The team noted that the disease lasted an average of 24.3 years. According to 23 studies, major depressive disorder affects approximately 55% of patients, anxiety disorders affect 10% of people, and personality disorders affect 9.5% of people. RCTs had a median of 10 participants, compared to seven in non-RCTs. The two most frequently discussed stimulation targets were the ventral capsule/ventral striatum (VC/VS) and nucleus accumbens (NAc), followed by the anterior limb internal capsule (ALIC), nucleus du bed, stria terminalis (BNST) and ALIC. /BNST.

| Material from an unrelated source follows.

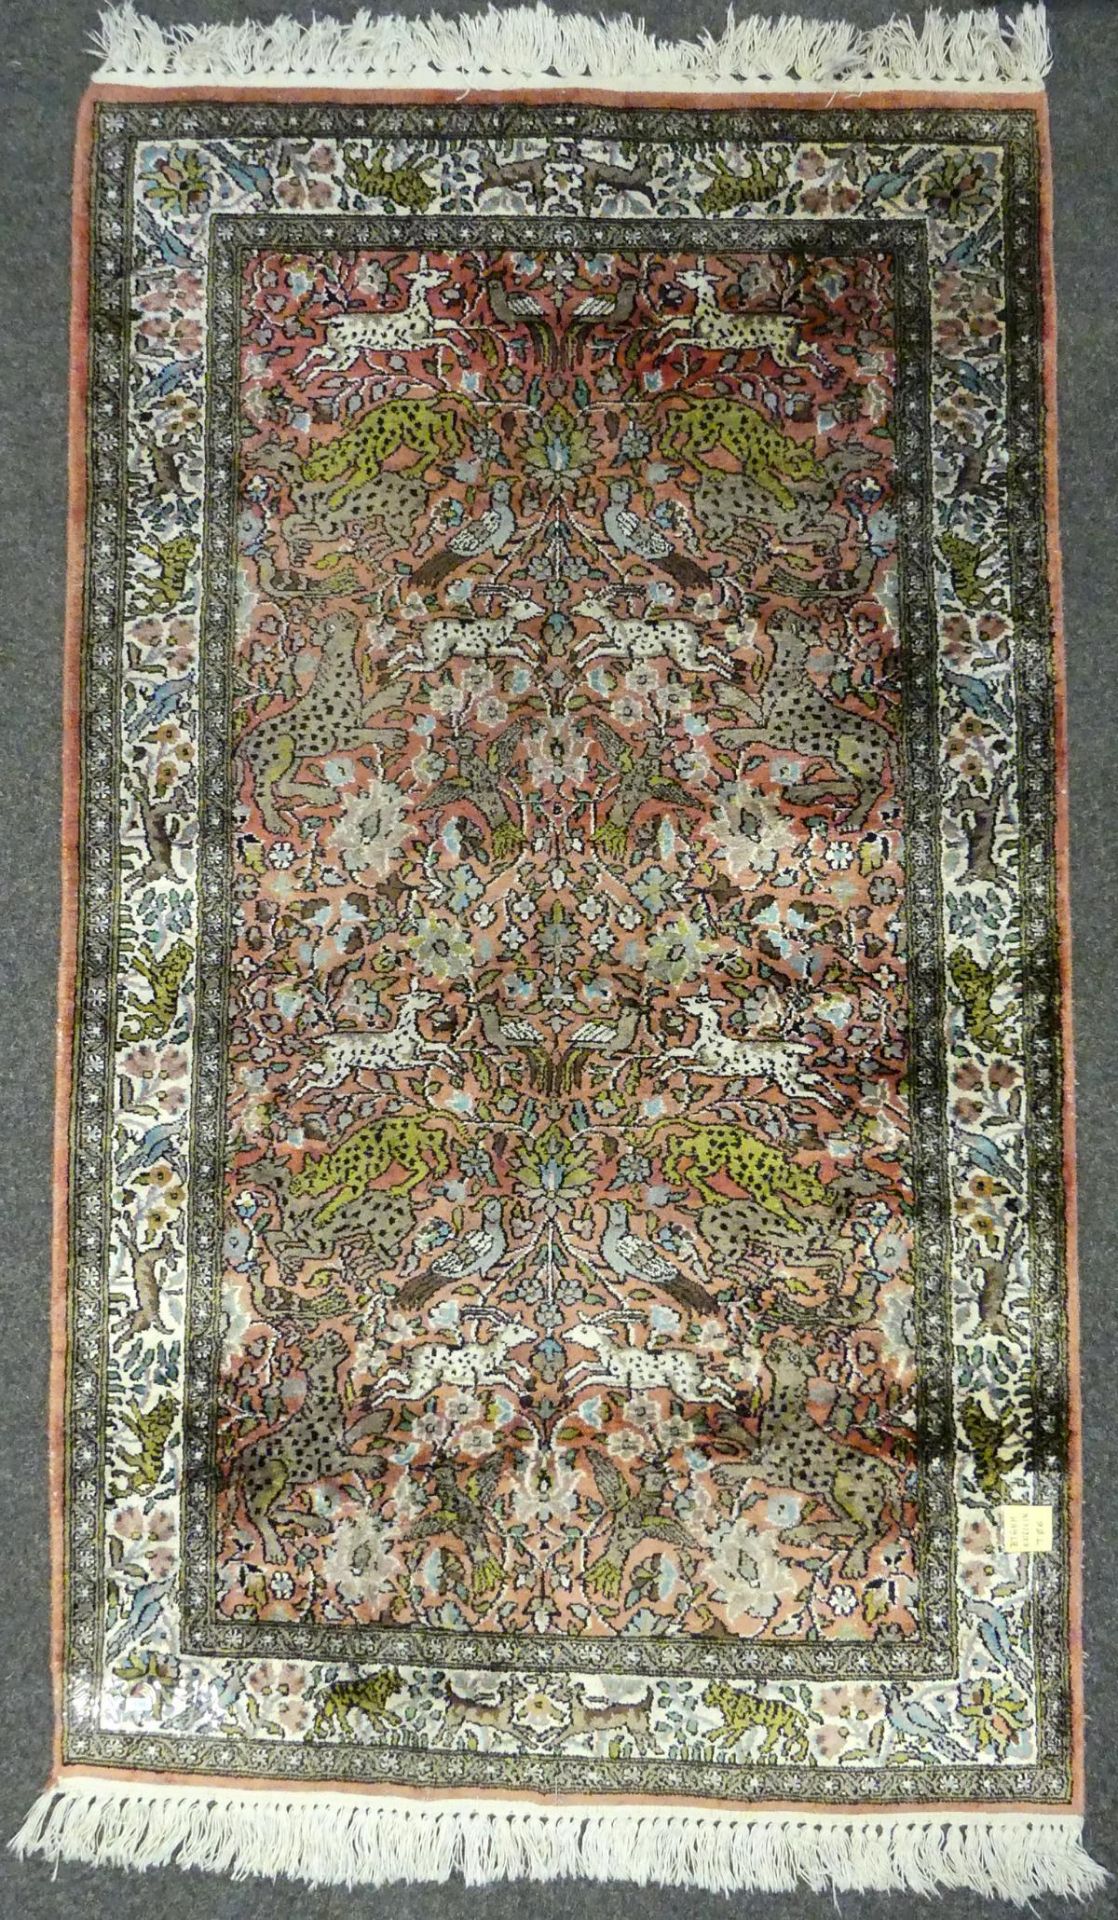 Teppich, rosa, grün, Seide, Rand mit Tieren, ca. 90 x 153 cm

The Hamilton Depression Scale was used in 14 surveys. To assess depression before and after surgery, seven studies used the Beck Depression Inventory (BDI), five studies used the Montgomery-Åsberg Depression Rating Scale (MADRS), and one study used the Depression, Anxiety, and Stress Scale (DASS-D). A Hamilton Anxiety Scale was used in 11 of the 16 studies that provided anxiety ratings, the STAI-X1/2 in four of 16, and the DASS-A in 1.46 of 16. Seven of ten seven studies that provided GAF ratings did so exclusively with baseline data.

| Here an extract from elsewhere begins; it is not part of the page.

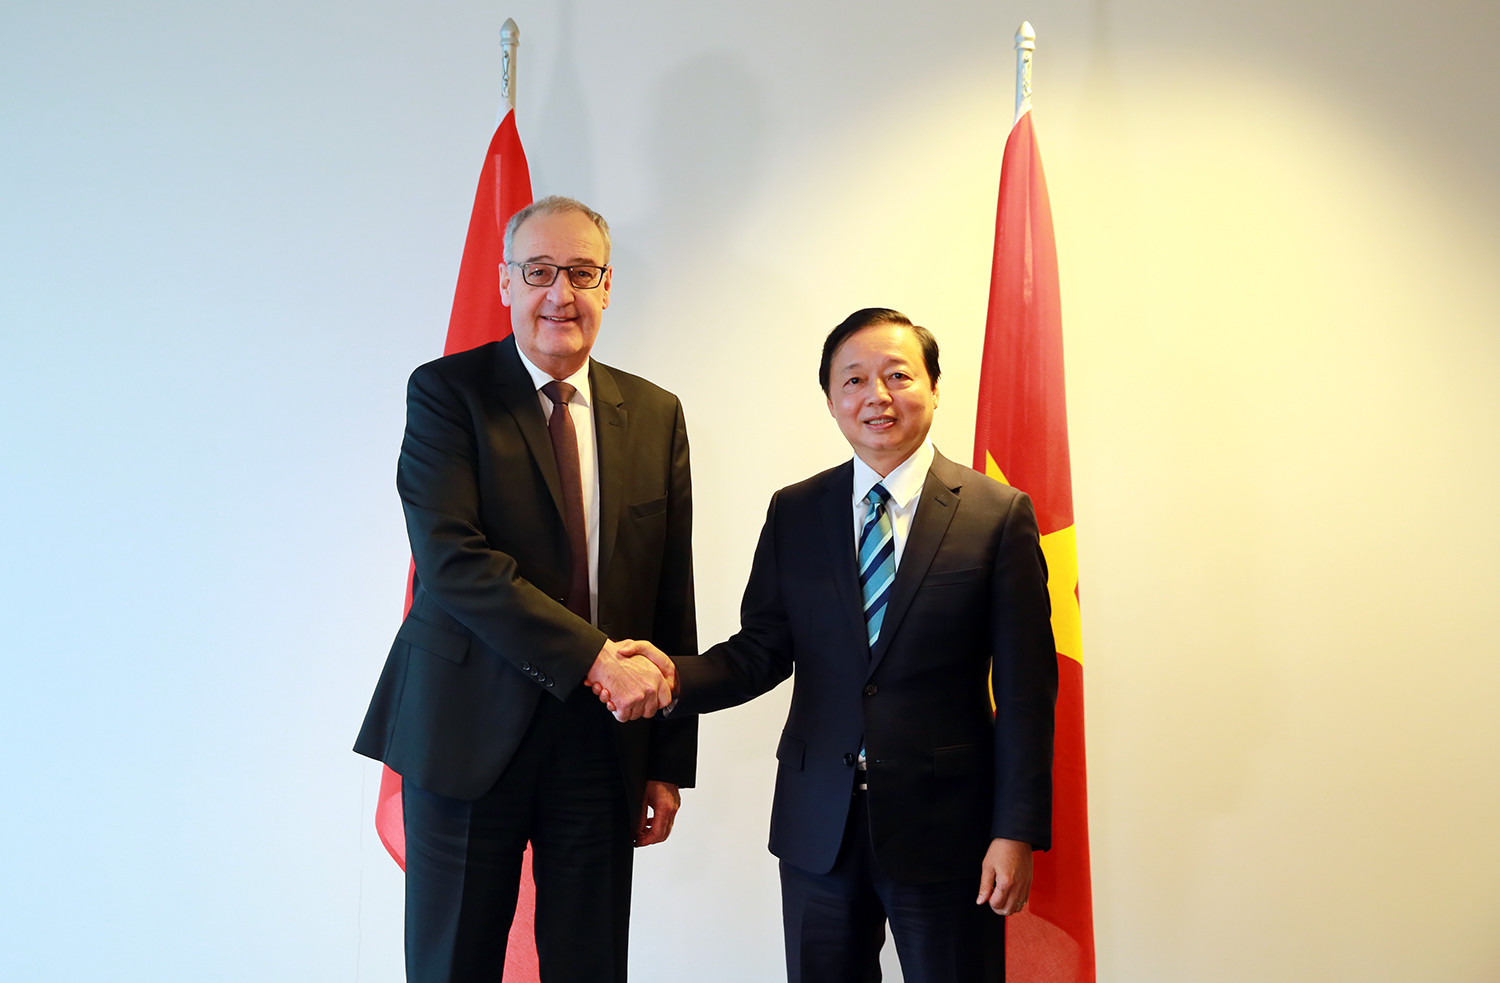 Thụy Sĩ cam kết hỗ trợ Việt Nam chuyển đổi sang nền kinh tế tuần hoàn - Ảnh 1.

Approximately 70% of studies provided complete information on serious adverse events (SAEs), including but not limited to hardware problems, infections, seizures, suicide attempts, intracranial hemorrhage (ICH) and the emergence of de novo stimulation-related obsessions. Overall, 31% of patients reported having had at least one SAE. There were 8% or fewer problems with the device, such as lead damage or poor posture. There were nine postoperative seizures and 11 cases of postoperative infection, six of which required removal and/or replacement of a pulse generator. One patient had a generalized tonic-clonic seizure, intracranial infection, shock, and drug coma, among other SAEs.

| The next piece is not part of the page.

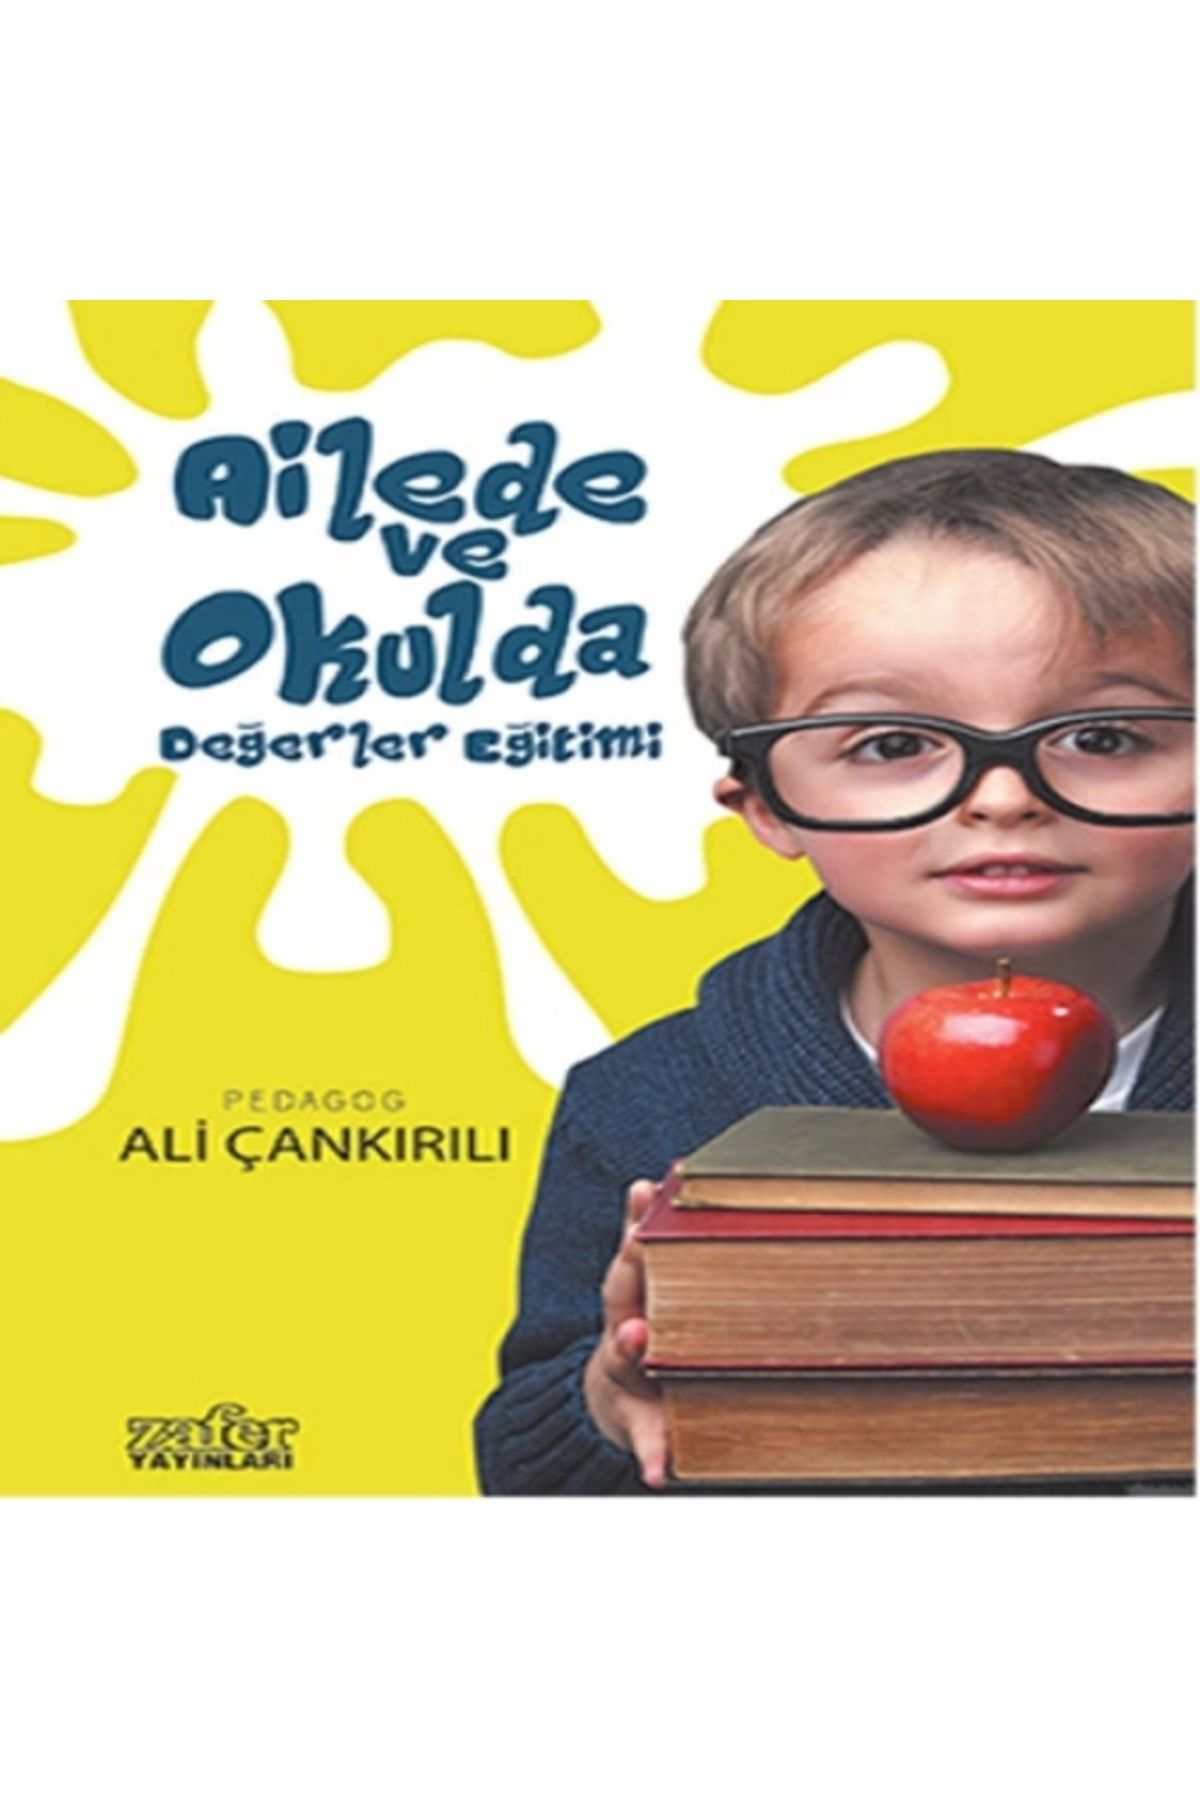 Zafer Yayınları Ailede ve Okulda Değerler Eğitimi / Ali Çankırılı

Additionally, there were six suicide attempts and one completed suicide. Studies have documented five postoperative ICH events, two of which resulted in prolonged finger paralysis and prolonged dysarthria. In two cases, the DBS therapy itself led to a new obsession (such as checking settings and battery life), which worsened the OCD.
The meta-analytic Y-BOCS (MD) mean difference among 345 pooled patients from 31 trials was 14.28 points at the most recent follow-up. The meta-analytic treatment effect (TE) was found to be a 47% decrease in Y-BOCS scores at last follow-up in 249 patients from 28 studies where estimates of precision could be acquired or measured using pre-homogenized results and post-disambiguated data that were available.
The study results showed that DBS is an effective treatment for TROCD, and the typical patient will achieve a 50% reduction in OCD symptoms. With further follow-up, two-thirds of patients will experience at least a complete response to DBS therapy. Additionally, researchers believe that current limbic and non-limbic targets can be stimulated to significantly reduce the comorbid depressive symptoms of TROCD.